P = 3I^{2}_{ph}R_{ph}

Where

V_{ph} = Voltage per phase

I_{ph} = Current per phase

V_{L} = Line voltage

I_{L} = Line current

R_{ph} = Resistance per phase

Ques.77. Consider the three phase and match the following

A-F, B-D, C-E

A-F, B-E, C-D✓

A-E, B-F, C-D

A-D, C-F, B-E

In three phase circuit, the active power in the circuit is given by the equation

P = √3V_{L}.I_{L}.cosφ

Reactive Power

P = √3V_{L}.I_{L}.sinφ

Apparent power

P = √3V_{L}.I_{L}

Where

V_{L} = Line voltage

I_{L} = Line current

Ques.78. When a 4-V EMF is applied across a 1-F capacitor, it will store_____of energy.

2J

4J

6J

8J✓

Energy stored in the capacitor

U = CV^{2}/2 joule

where

C = Capacitance = 1 F

V = Voltage = 4 V

U = 1 × 4^{2}/2

U = 8 Joules

Ques.79. A balanced three-phase star-connected load draws power from a 440V supply. The two connected wattmeters W_{1} and W_{2} indicate 5 kW and 1200 W respectively. Calculate the power factor of the system.

0.54

0.98

0.70✓

0.75

As given in the above question

W_{1} = 5 kW

W_{2} = 1200 W

V_{L} = 440 V

The power factor of the two wattmeters is

tanØ = √3[(W_{1} – W_{2}) / (W_{1} + W_{2})]

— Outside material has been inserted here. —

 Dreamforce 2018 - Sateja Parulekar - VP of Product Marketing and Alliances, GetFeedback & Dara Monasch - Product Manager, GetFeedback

tanØ = √3[(5000 – 1200) ⁄ (5000 + 1200)]

Φ = 45°

Power factor = cosφ = cos45° = 0.707

Ques.80. The unit of capacitance is_____

Henry

Coulomb/Volt✓

Volts/Coulomb

Ohms

Capacitance is the ratio of the change in an electric charge in a system to the corresponding change in its electric potential. The SI unit of capacitance is the farad (symbol: F). A 1-farad capacitor, when charged with 1 coulomb of electrical charge, has a potential difference of 1 volt between its plates.